Using tee in this case is an anti-pattern. But it’s a trap people can
fall into if they don’t know the performance characteristics of tee.

Paddy3118 · December 13, 2019, 4:07pm

I would extend its usefulness to general collections and not just iterators. finding min and max with the same key function is, for me, a common way of getting an idea of the extent, or range, or size, of a collection. I use min and max because that is what is currently available but a minmax function that was twice as fast and worked on the same inputs, (as well as consuming only one iterator), seems good.

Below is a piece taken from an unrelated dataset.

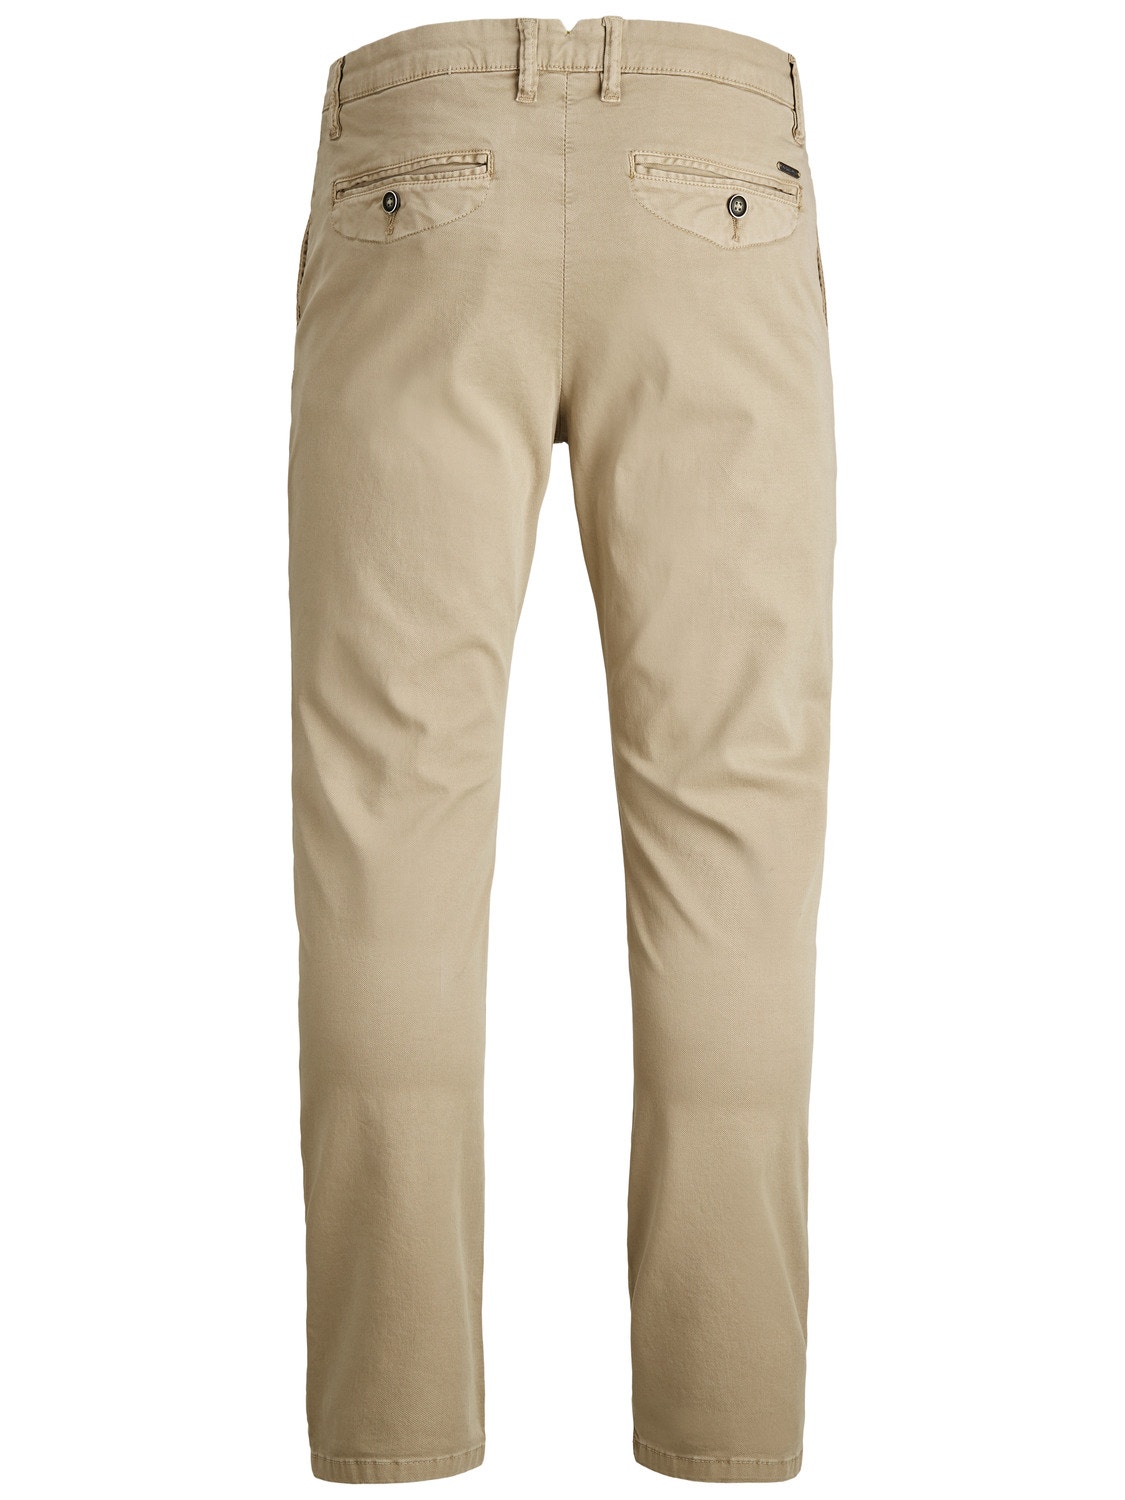 Jack & Jones Slim Fit Plátěné kalhoty Chino -White Pepper - 12254931

ruud · December 13, 2019, 5:36pm

Further to @mjpieters 's excellent Python version, I suggest a version which doesn’t need to check for None, neither for the key, neither for the value.

_sentinel = object()
def minmax(*args, key=None, default=_sentinel):
    if len(args) > 1:
        if default is not _sentinel:
            raise ValueError(
                "Cannot specify a default for minmax() with "
                "multiple positional arguments"
           )
        v = iter(args)
    else:
        v = iter(args[0])
    if key is None:
        key = lambda x:x
    try:
        minitem = maxitem = next(v)
        minval = maxval = key(minitem)

    except StopIteration:
        raise ValueError('minmax() arg is an empty sequence')        

    for item in v:
        val = key(item)
        if val < minval:
            minval, minitem = val, item
        if val > maxval:
            maxval, maxitem = val, item
        
    return minitem, maxitem

avayert · December 13, 2019, 7:36pm

I’m not all too familiar with the CPython codebase but a cursory search with the GitHub search ignoring the test folders revealed at least some uses:

finding both min and max is used twice in colorsys within the functions
it’s used in timeit to deal with time intervals
It seems to be used in multiple separate places to deal with common path handling like here and here (I think it was also in ntpath)
It’s used in this seemingly out of place test function inside random

Additionally, using global GitHub search I typed in “min max” into the github advanced search, limiting results to only show .py files, and sorted by most recently indexed (link). Within only the last 15 or so minutes of me hitting search there were already plenty of uses, of which I’ve linked some here:
[1] [2] [3] [4] [5] [6]

Marco_Sulla · December 14, 2019, 12:07am

If I can, I have a modification to your solution:

_sentinel = object()

def minmax(*args, key=None):
    args_len = len(args)
    
    if args_len == 0:
        fname = minmax.__name__
        raise ValueError(f"{fname}() expected 1 argument, got 0")
    elif args_len == 1:
        seq = args[0]
    else:
        seq = args
    
    it = iter(seq)

    vmax = vmin = next(it, _sentinel)
    
    if vmax is _sentinel:
        fname = minmax.__name__
        raise ValueError(f"{fname}() arg is an empty sequence")
    
    if key is None:
        for val in it:
            if val > vmax:
                vmax = val
            elif val < vmin:
                vmin = val
    else:
        fmax = fmin = key(vmax)
        
        for val in it:
            fval = key(val)
            
            if fval > fmax:
                fmax = fval
                vmax = val
            elif fval < fmin:
                fmin = fval
                vmin = val
    
    return (vmin, vmax)

I know, it’s more verbose and less elegant, but I think it’s more fast for the majority of cases, ie key=None.

PS: no default. What must it returns, (default, default)? Or we have to define a default_min and a default_max? Overcomplicated IMHO.